Remotely Monitoring A Truck Fleet

According to research conducted by Research and Markets, truck fleets are migrating to centralized fleet tracking and control. [https://www.businesswire.com/news/home/20200305005356/en/Fleet-Tracking-Market-Insights-and-Outlook-2020-2025---Tankers-and-Container-Vessels-to-Lead-Sea-based-Fleet-Tracking-Market-Through-2025---ResearchAndMarkets.com]  The dynamics of one central point of monitor is gaining attention as a viable and attractive way to successfully manage a remote fleet of trucks, dispersed throughout the country on the highways and byways, traversing everything from the heaviest of traffic to windstorms, hurricanes, and other conditions.

According to their research, fleets are migrating to a cloud-based support.  They say there is much potential as many small and medium sized fleets are not yet remotely monitored.  About 70% of small fleets have no telematics at all.

The trend is to incorporate artificial intelligence algorithms that allow fleet operators to benefit from “value-added fleet management services.”  This includes leveraging known technologies such as GPS.  But it also incorporates the Internet of Things (IoT) as well as embedded devices such as sensors.  Such devices send a signal, usually wirelessly, via the Internet, to a remote monitoring platform.

The remote monitoring can be on the trailer, the container on the trailer, or the truck cab and its engine.  The gist of remote monitoring, in the context of a truck fleet is to improve its operational efficiency and insure it’s in compliance with imposed regulations.  ELD devices are now required and, due to their mandate are already in use.

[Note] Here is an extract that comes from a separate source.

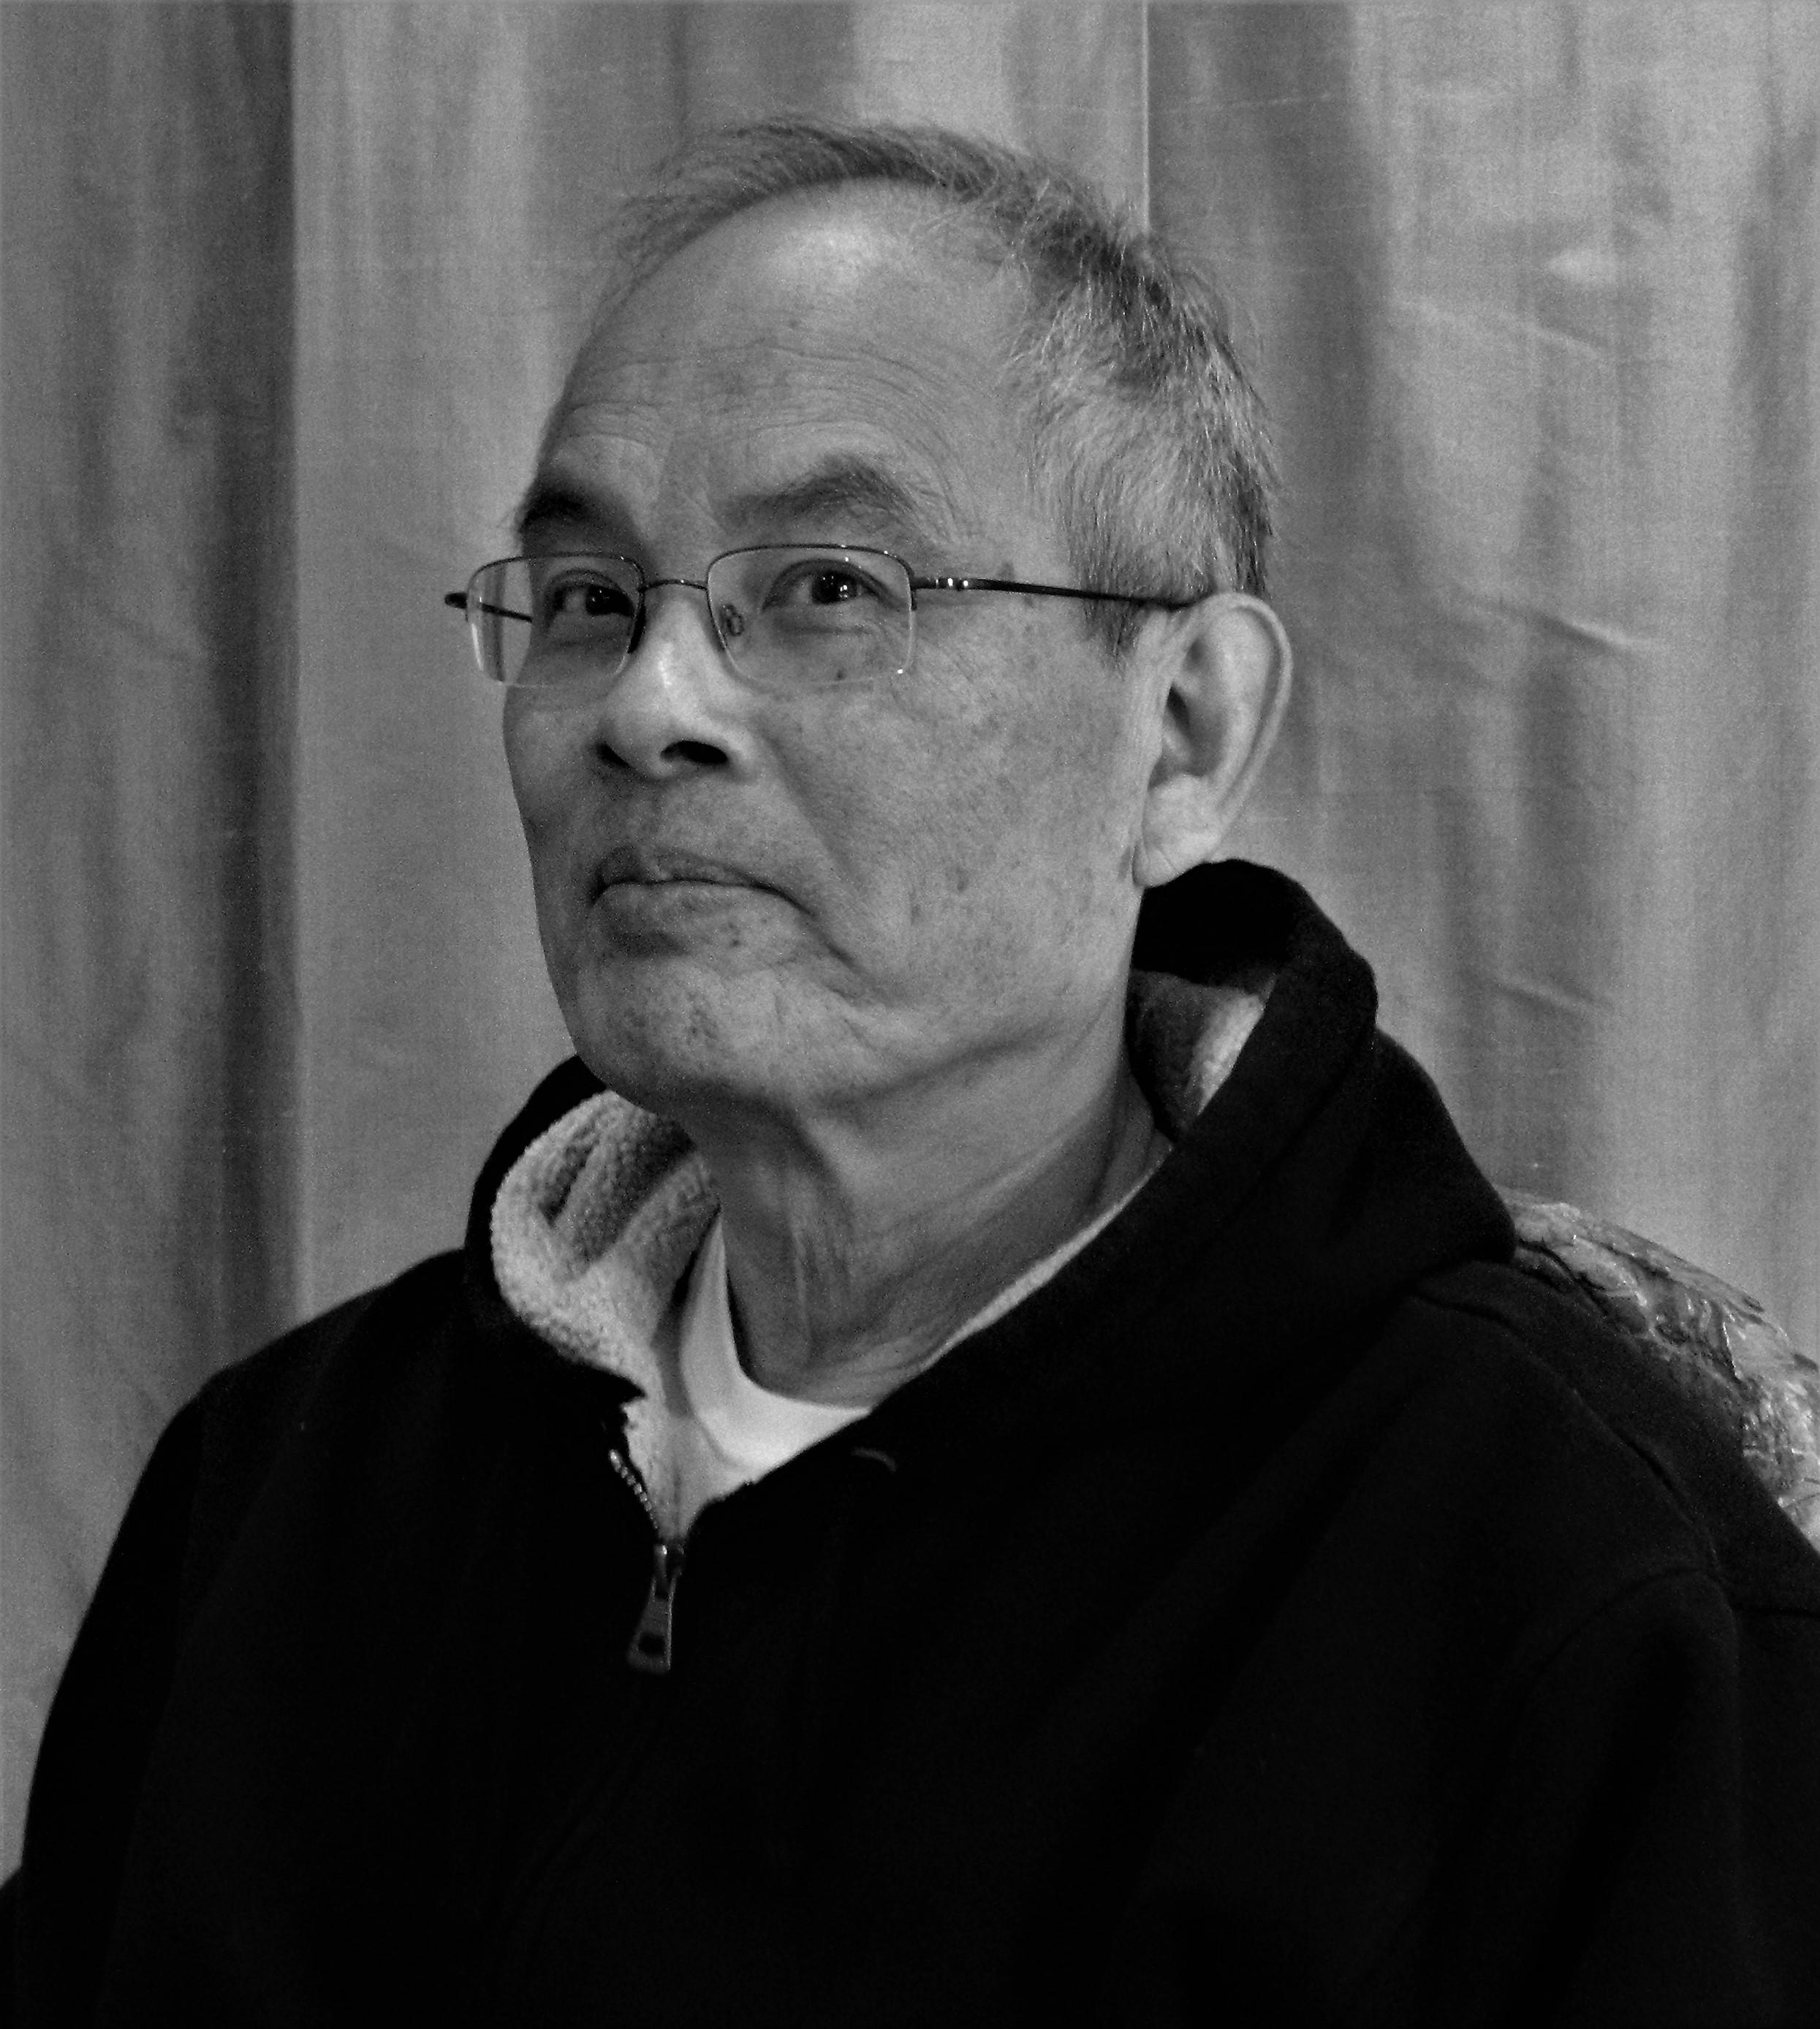 Alan Sue, November 2017. Photo by Keith Bringe. Copyright Rare Nest.

But other parameters such as speed, acceleration, braking, and other detailed performance measures may be recorded and tracked.  Fleet operators can instruct drivers about best practices based on such data.  They can provide metrics average speed, incidents when brakes were applied and for how long.  They can note time and place of engine malfunctions, and drive times.  Such data helps the fleet operator to use it to fulfill regulations, but also to build a data log which could be used in a legal scenario or to help substantiate a claim against services or the carriage of goods.  Other operational metrics help fleets transport goods economically and safely.

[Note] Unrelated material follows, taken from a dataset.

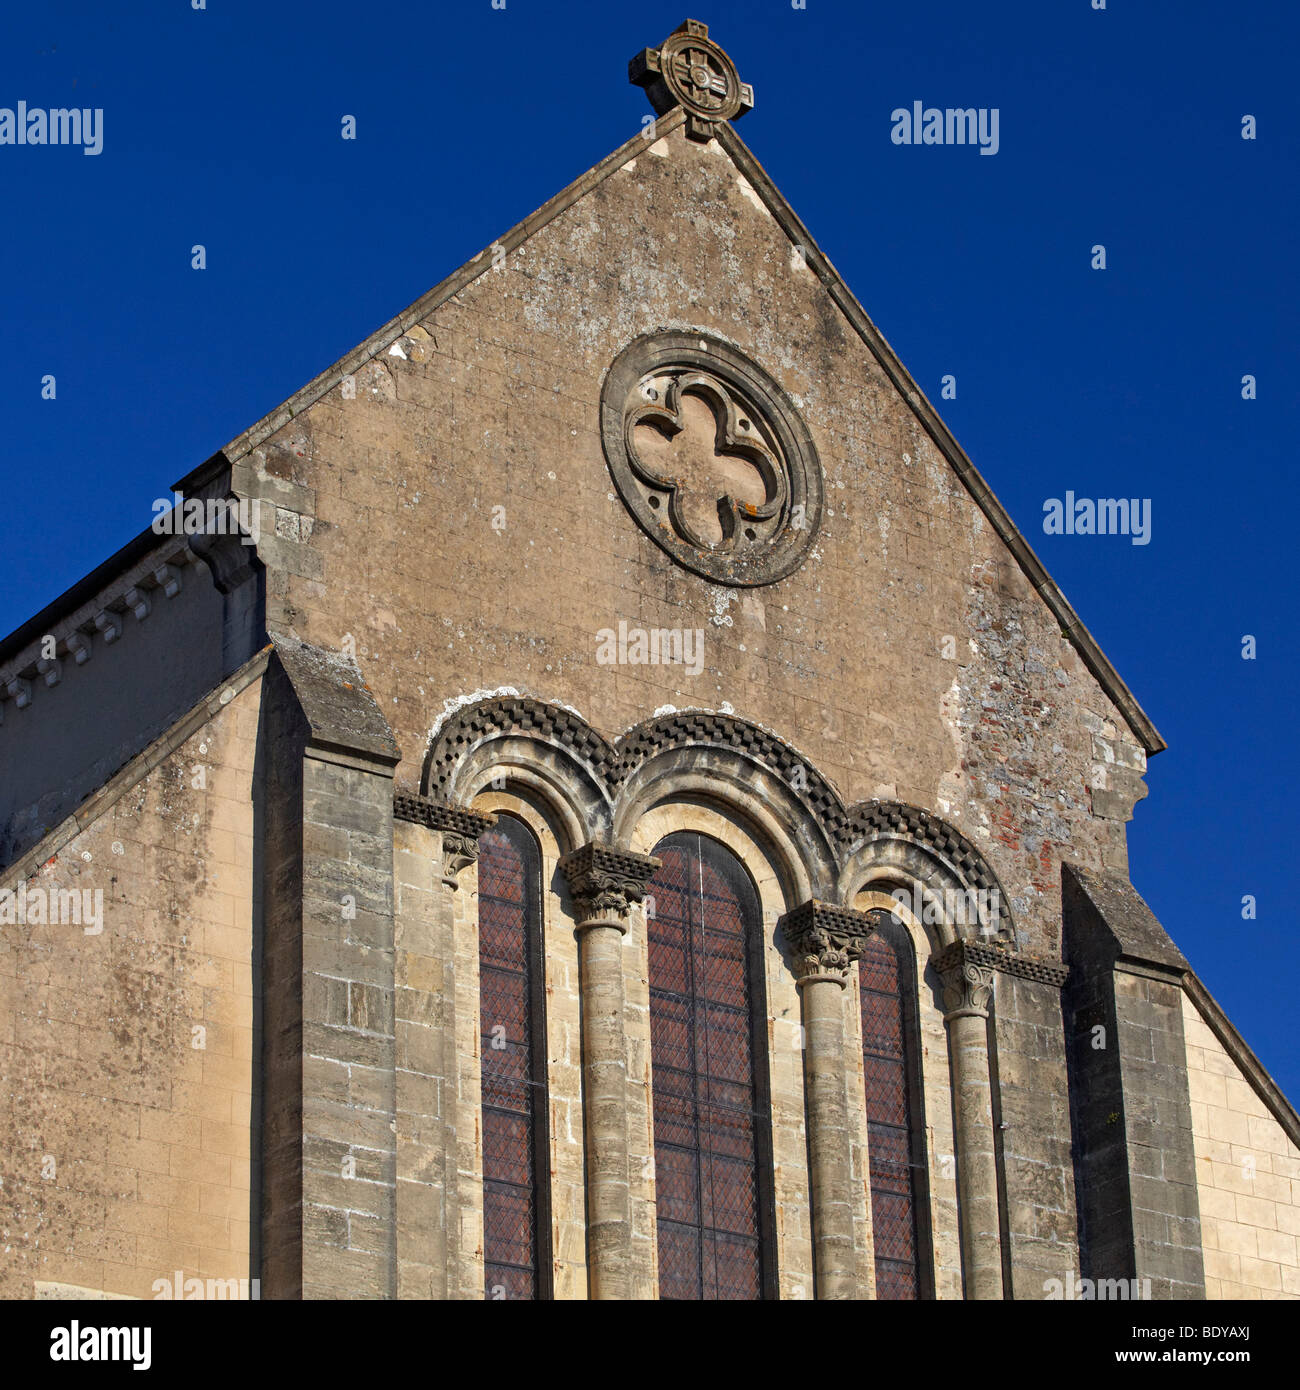 Abbaye Saint-Sever Saint-Sever, Landes, Aquitaine, South of France, France, Europe - Stock Image

Getting High-Tech with Monitoring and Control

As artificial intelligence and smarter sensors and controls become available, fleets of anything - be they trucks, cars, or robots - may be synced to better operate in tandem.  Sounds hard to believe but researchers are exploring this very topic.

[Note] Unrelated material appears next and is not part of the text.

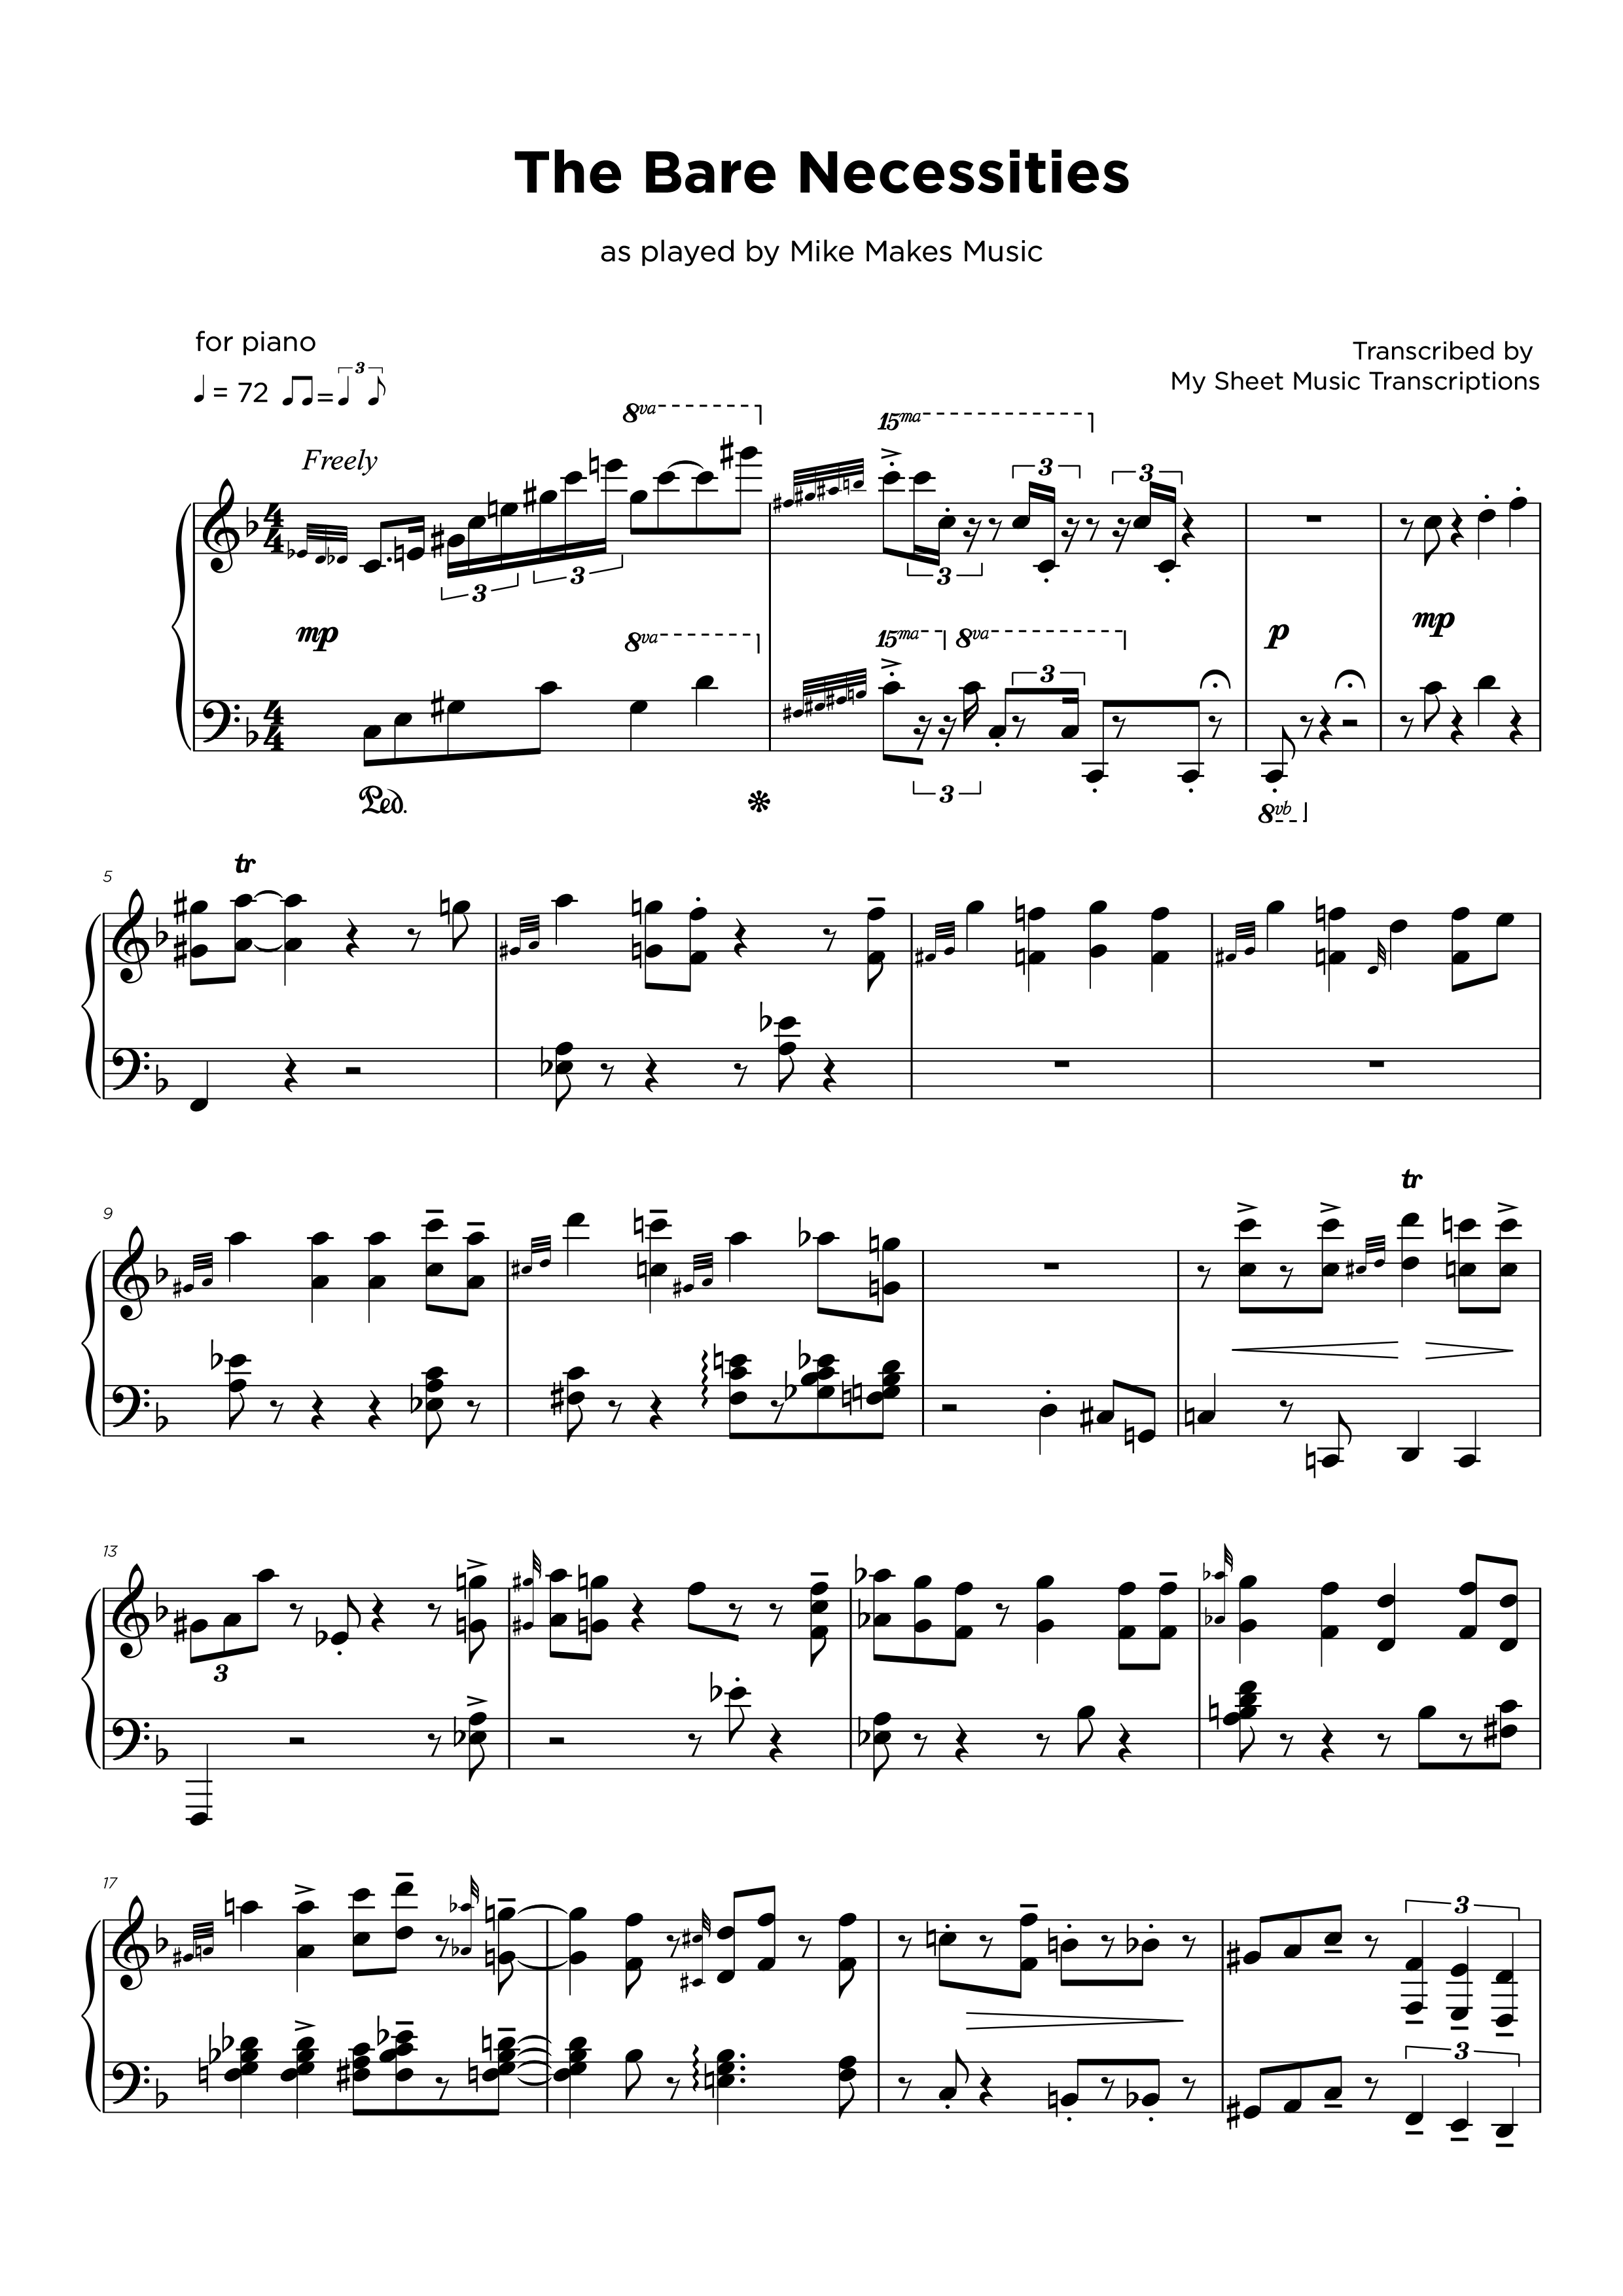 - Transcripción de partitura para piano jazz

They are working on a data-driven, optimization-based control model.  It operates with, as they call it “a platoon” of automated vehicles that are driven “cooperatively.”  It allows controllers to be used for better operation, but also for better decisions regarding driving choice and actions.  While it may all sound academic, and leaps and bounds forward from our current state of transport and trucking, it does send a signal of the direction that truck fleet management is heading.

This is a step ahead of where many fleets are already.  Larger fleets with ample financial backing are able to afford remote monitoring equipment, cloud-based software, and all that goes with telematics.  But there is often a payback for such investment.  Truck fleets may be back fitted with sensors and equipment that enables this type of monitoring and control.  Vendors are continuously offering technology packages and products that enable this.

For example, Eaton offers its IntelliConnect™ remote diagnostics technology.  [https://www.businesswire.com/news/home/20200225005298/en/Eaton-IntelliConnect%E2%84%A2-Remote-Diagnostic-Technology-Receives-Upgrades]  The technology is a suite of connected solutions “designed to improve a fleet’s uptime and efficiency and reduce the total cost of ownership.”  It boasts capabilities such as:

A fleet transmission health report; a listing of all vehicles with transmission service recommendations; the ability to add and update fleet information by uploading a vehicle information file, negating the need for fleet administrators to manually input vehicle data into a database; a capability to quickly identify vehicles experiencing issues, and a feature that tracks error codes that occurred within the past seven days.  Fleet managers can know and track which vehicles those were.  This allows them to pay closer attention to them and understand what the root causes may be.  It also helps them to make decisions about routing, equipment, road conditions perhaps, and traffic congestion.

The World of Tomorrow

Truck fleets are likely to be managed with more telematics and remote monitoring and control in the future.  While it sounds so futuristic, and sometimes detrimental, a fleet that utilizes remote monitoring can benefit the carriage of goods as well as keep trucks operating safely and efficiently.  It can also help drivers be more efficient and reduce some of their anxiety in the decisions they make in hauling loads.  The best is yet to come.